The community must go beyond statistically analyzing data to truly gain understanding
By the year 2020, many experts predict the global universe of accessible data to be on the order of 44 zettabytes—44 trillion gigabytes—with no signs of the exponential growth slowing. As a result, data science has quickly been thrust to the forefront of the international job market, and people cannot seem to get enough of it. Salaries for data scientists have increased significantly in the past few years, as the demand for a workforce fluent in scripting, machine learning (ML), and data analytics inundates jobsites spanning the globe. Websites such as glassdoor.com list the top three jobs of 2016 as data scientist, DevOps engineer, and data engineer. As a result, the market is responding with a slew of data science degree programs, with indicators that more students are opting for bachelor’s and master’s degrees over Ph.D.s, likely in an attempt to enter the competitive job market.

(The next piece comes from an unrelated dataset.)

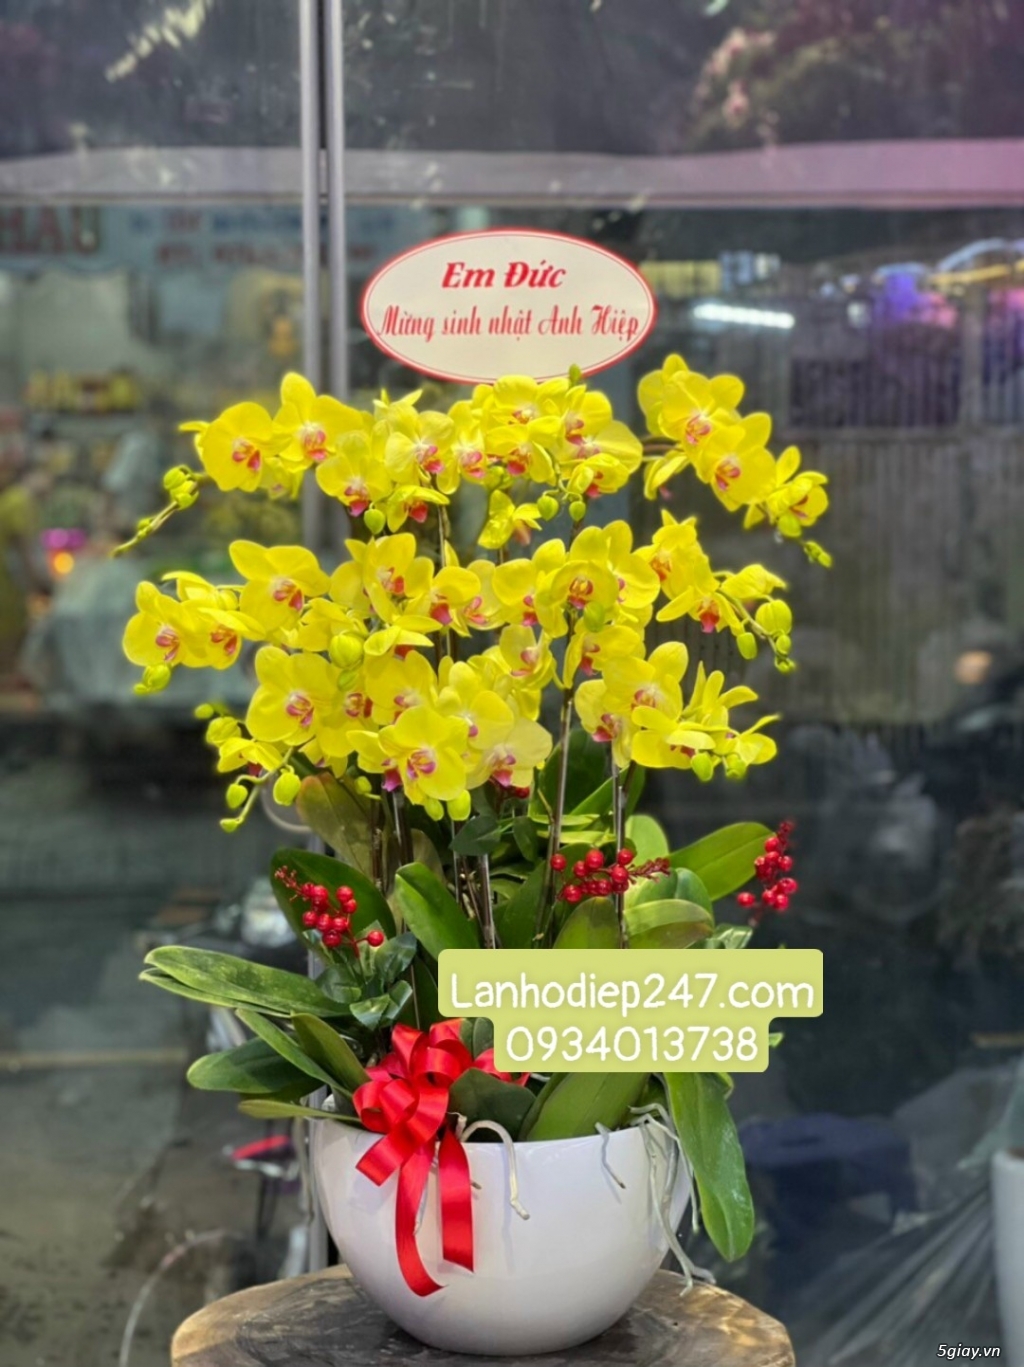 Shop hoa tươi 247 chuyên cung cấp lan hồ điệp tại tphcm 0934013738 - 4
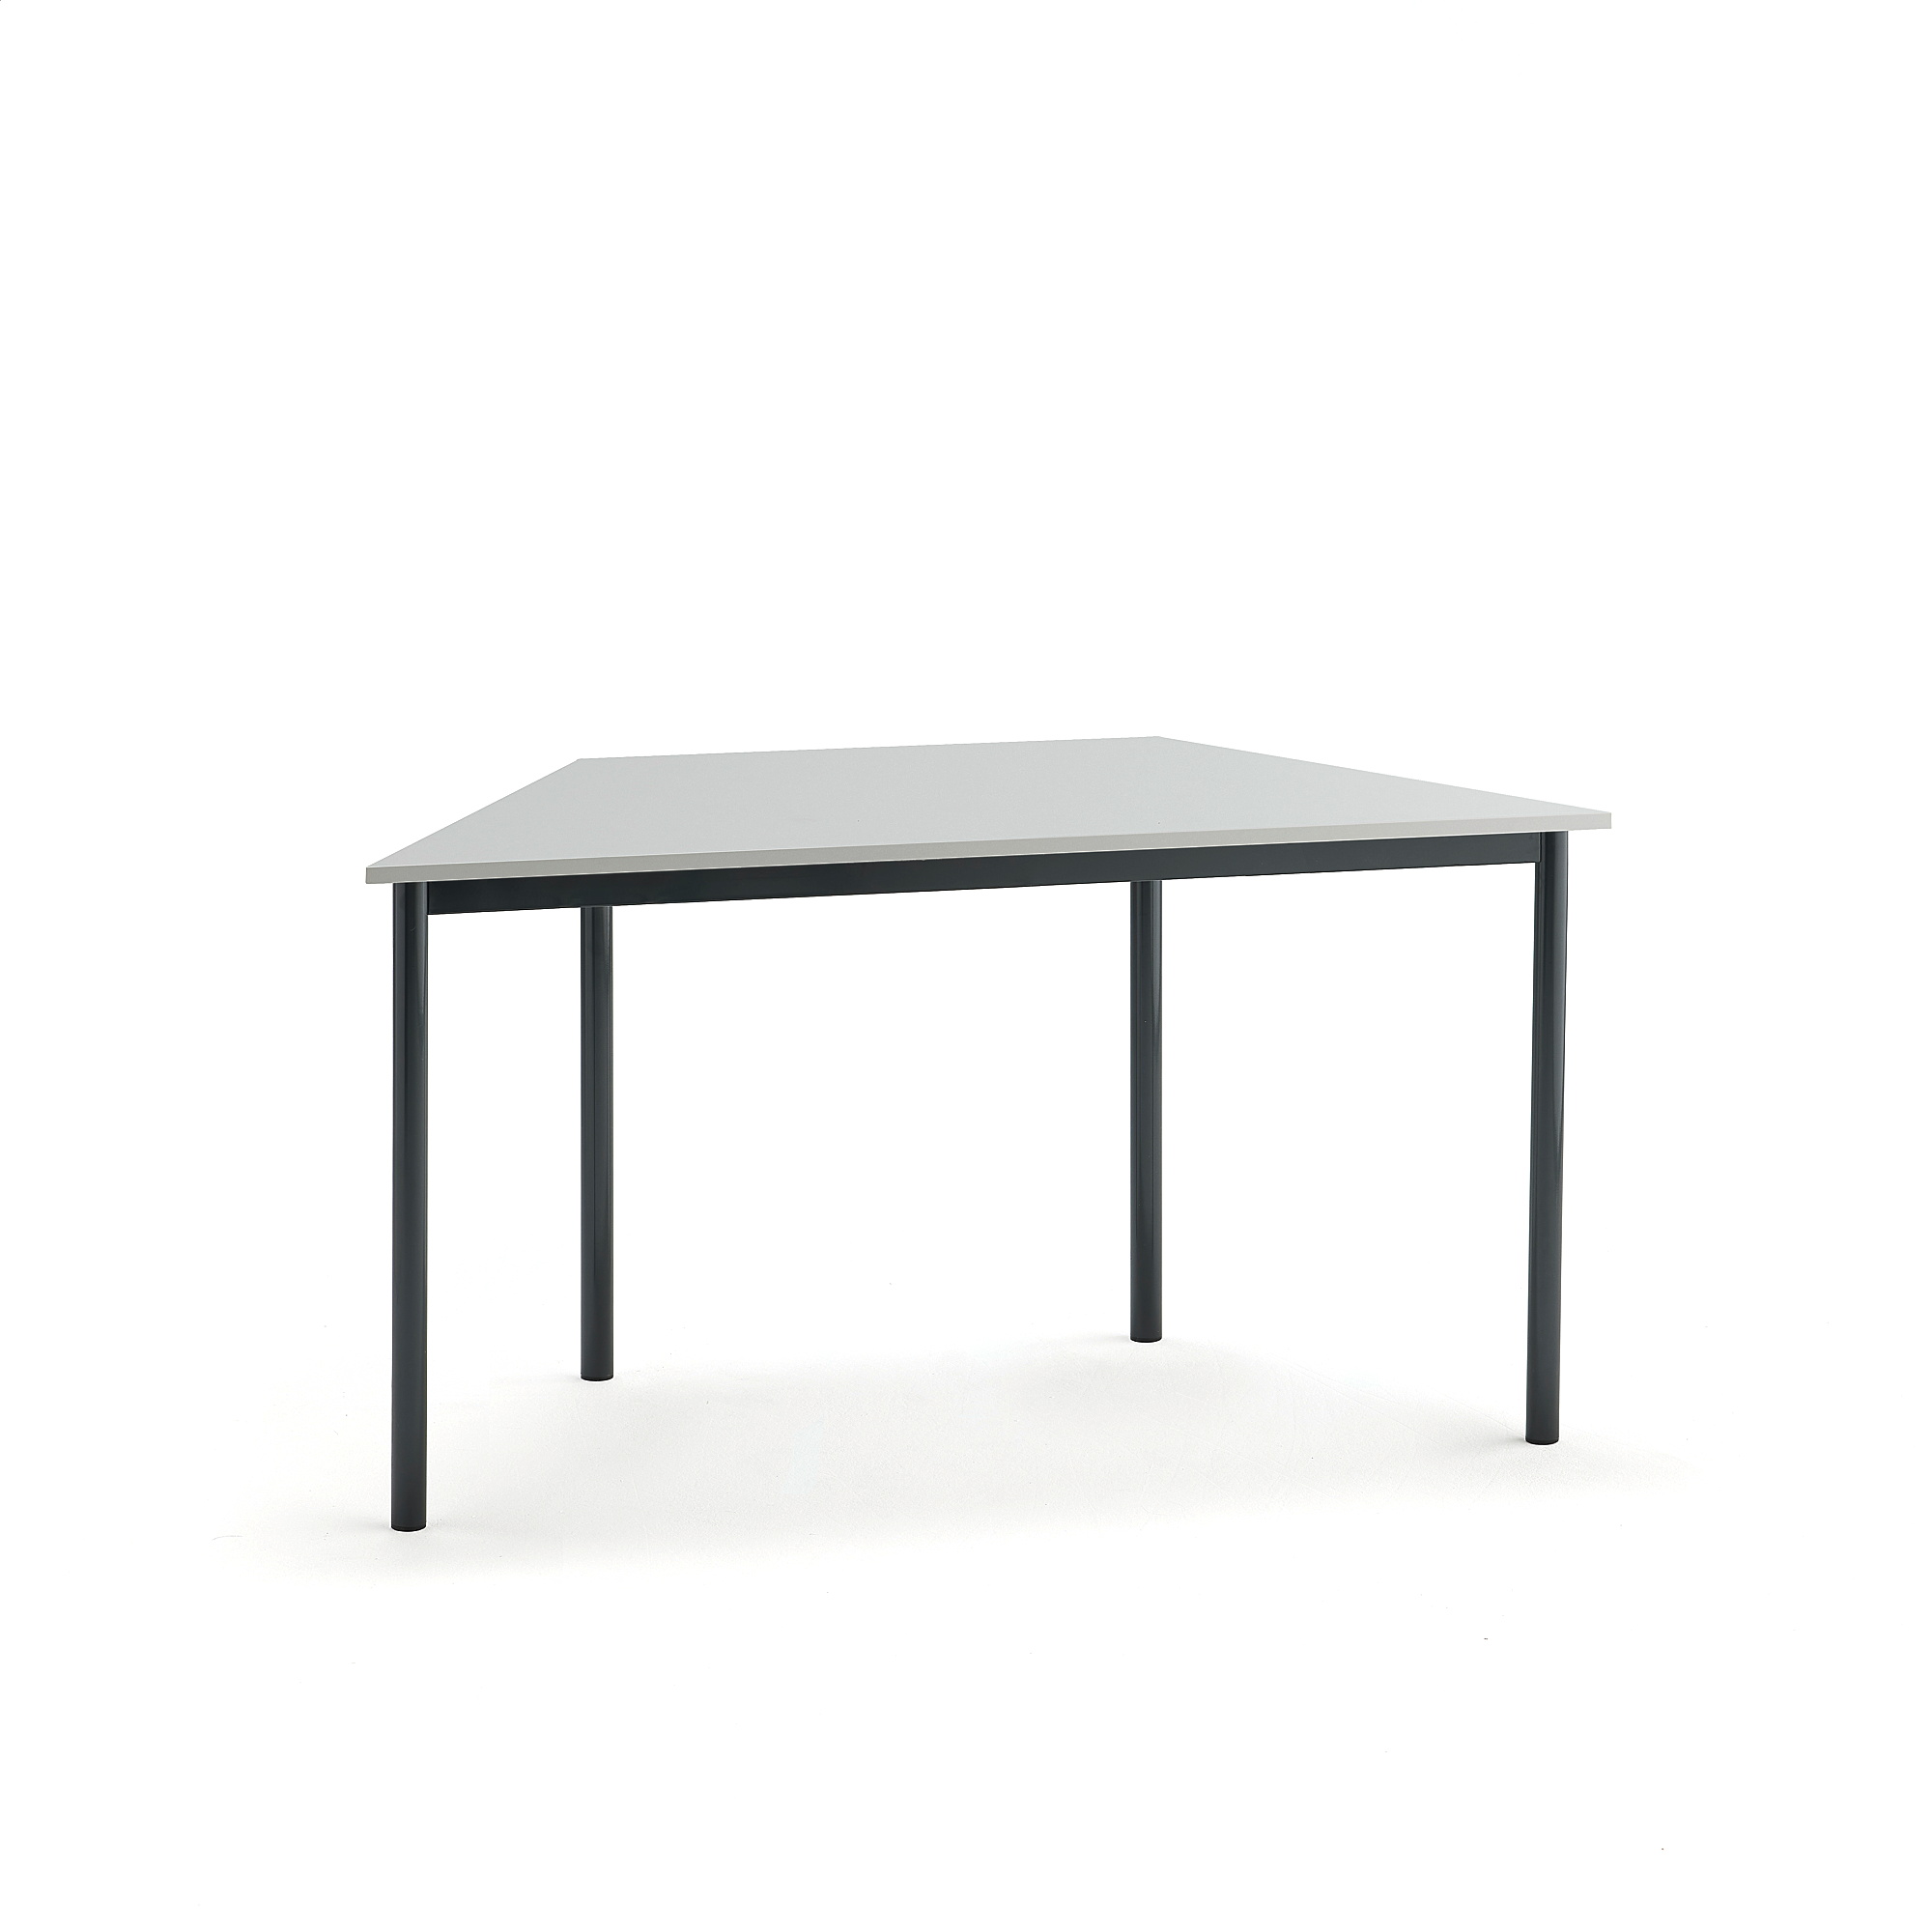 Stůl BORÅS TRAPETS, 1400x700x720 mm, antracitově šedé nohy, HPL deska, šedá

Supporting this observation is the fact that salaries for data scientists started to level off as an influx of new data scientists entered the job market. Still, the demand for data scientists remains high; and the race to score employment in one of the century’s “sexiest jobs” is arguably at its peak with little sign of slowing down.
The United States Intelligence Community (IC) is just now starting to demand these skills in earnest as it strives to maintain its leading edge to support national policy-makers and military forces, as well as to protect the nation’s borders and interests abroad. While the delayed diffusion of private sector practice to the public sector is not new, the speed of the technology growth has exacerbated the time lag and placed the IC behind the power curve. The rapid growth in sensor diversity and volume in the unmanned aerial systems (UAS) market alone, compounded with the resulting flood of derived products, structured observations, and increasing volumes of publicly available information is simply overwhelming analysts.
The data scientist’s ability to navigate petabytes of raw and unstructured data, then clean, analyze, and visualize the data, has routinely proven their value to the decision cycles of their often non-technical leaders. It is no wonder then the demand signal to meet the IC’s big data problem has created a buzz around data science, with many senior executives wanting more of “it.”
However, there is little strategic assessment of what actual skills will be needed in the future or how these emerging technologies and data science tools should reshape the IC’s organizational dynamics. But this is not solely the fault of senior executives. We feel there is a definition problem with data science; it is too general, too broad, and continually expanding. We also believe that while data science undoubtedly has a future in the National Geospatial-Intelligence Agency’s (NGA) vision to “Know the Earth, Show the Way, Understand the World,” the community must go beyond statistically analyzing data collected on the world around us to truly gain an understanding of the people who inhabit the world.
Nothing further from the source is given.